蚊帳の外
「失敗作…?」
「アァ!そうだよ!そうだった!こいつらも俺もアイツの作品なんだよ!ハー、スッキリした!いや、何であんなやつ忘れてたんだ?一度会ったら二度と忘れられねーだろ、あんなん」
「オイ、アンタだけで完結すんなバカ」
「でも結局、何でキレてたのかは思い出せねーな…何でだっけ…?」
「人の話聞けよ、なぁ」
思考に没頭するバケモノに『聖水』を食らわせようとして、ふと誰かが来たことに気がついた。ここは開けた普通の道である。人が来たからにはバケモノの正体がバレかねない行動はできない。後で『聖水』の風呂にでも叩き落とすことを心に決め、『聖水』を懐に仕舞った。
来た人間に関しては適当に挨拶でもしてスルーしようとしていたが、何やら様子がおかしい。とは言っても、盗賊たちのような狂人じみたおかしさではなく、単に何故か真っ直ぐにこちらに向かってきている、という心当たりがない類いのおかしさである。

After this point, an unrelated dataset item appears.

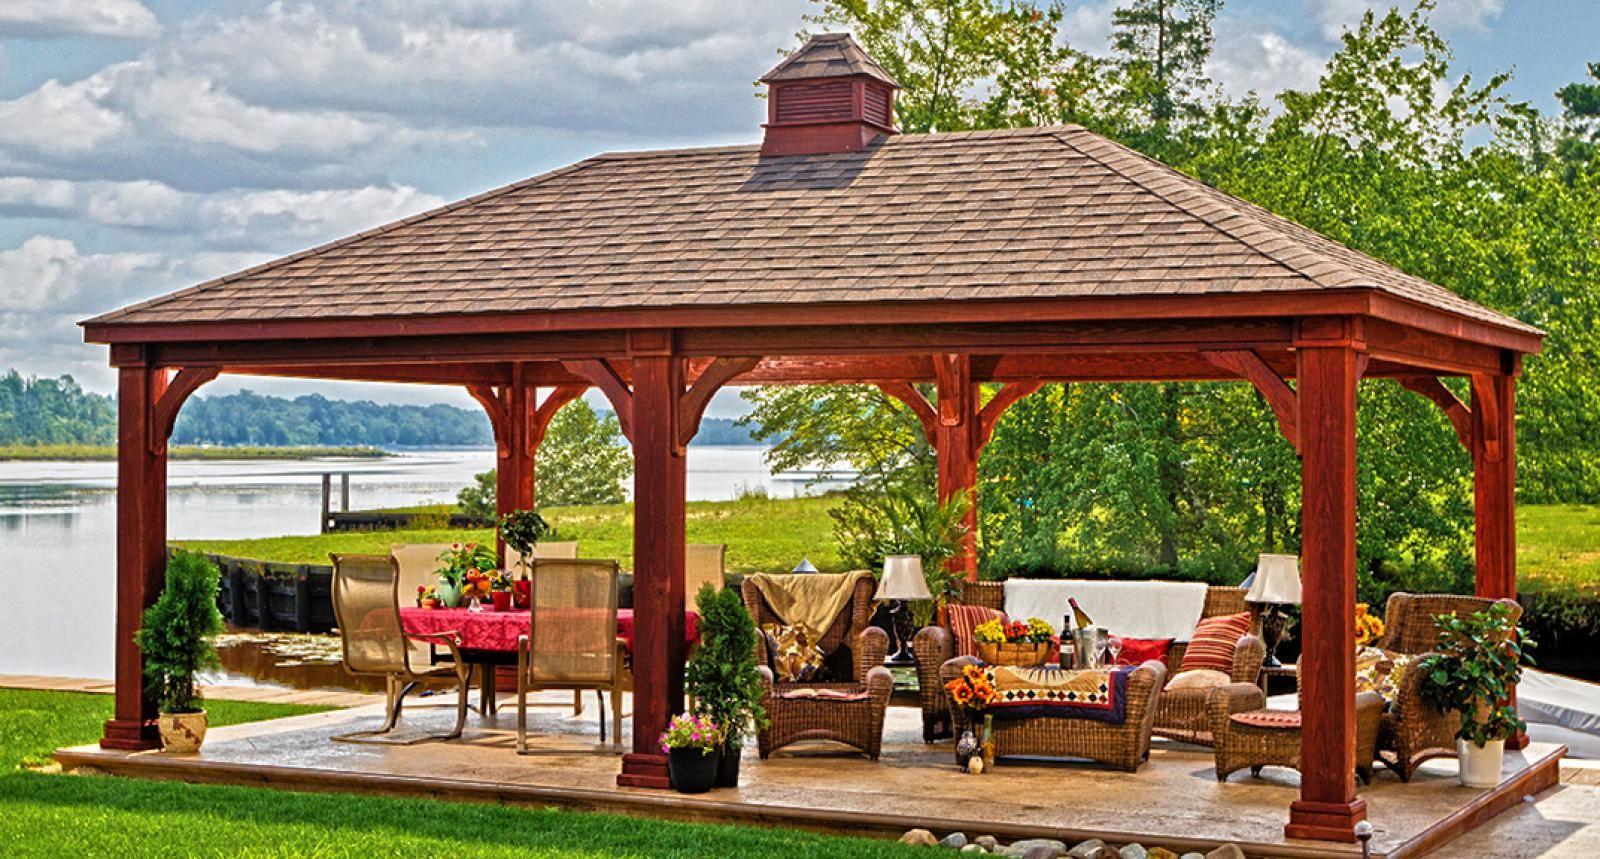 Wood Pavilion With Decorative Cupola

「ゼェ、ハァ…失礼!ここで悪魔憑き…理性のない狂人を見なかったか!?」
声を掛けてきたのはローブを羽織った男だった。体力がないのか肩で息をしている。
「そこの塊だよ。一応、『聖水』は掛けておいたけど」
「なっ!?きみはエクソシストか!それにここまでの損傷…暴走した悪魔憑きは手が付けられないというのに…!」
「それは僕じゃないけど…そんな強かった?」
「ア?俺が失敗作に負けるわけねーだろ」
「──!もしや、あのマッドサイエンティストの関係者か!?敵対の意思はなさそうだが…」
男が驚きで目を見張る。警戒するように片足を引くが、目は期待や希望に彩られていた。
「マッドサイエンティスト…アァ、そういやアイツ、そんな風にも呼ばれてたな」
「やはり……!他にも科学者、博士、シエティと呼ばれていたが、合っているだろうか?」
「そうそう!てか、コードネームも変わってねーな」
「組織のことも知っているのか?!それは僥倖だ!組織のリストにきみたちの名はなかった…出会ったばかり不躾だが、頼みたいことがある!」
「何だ?」
バケモノと意気投合し、その勢いのまま頼み事とやらをしようとする男を遮ったのは少年だった。
「あのさぁ…何の話?」
唯一意味を理解できていない少年が訝しげに首を傾げた。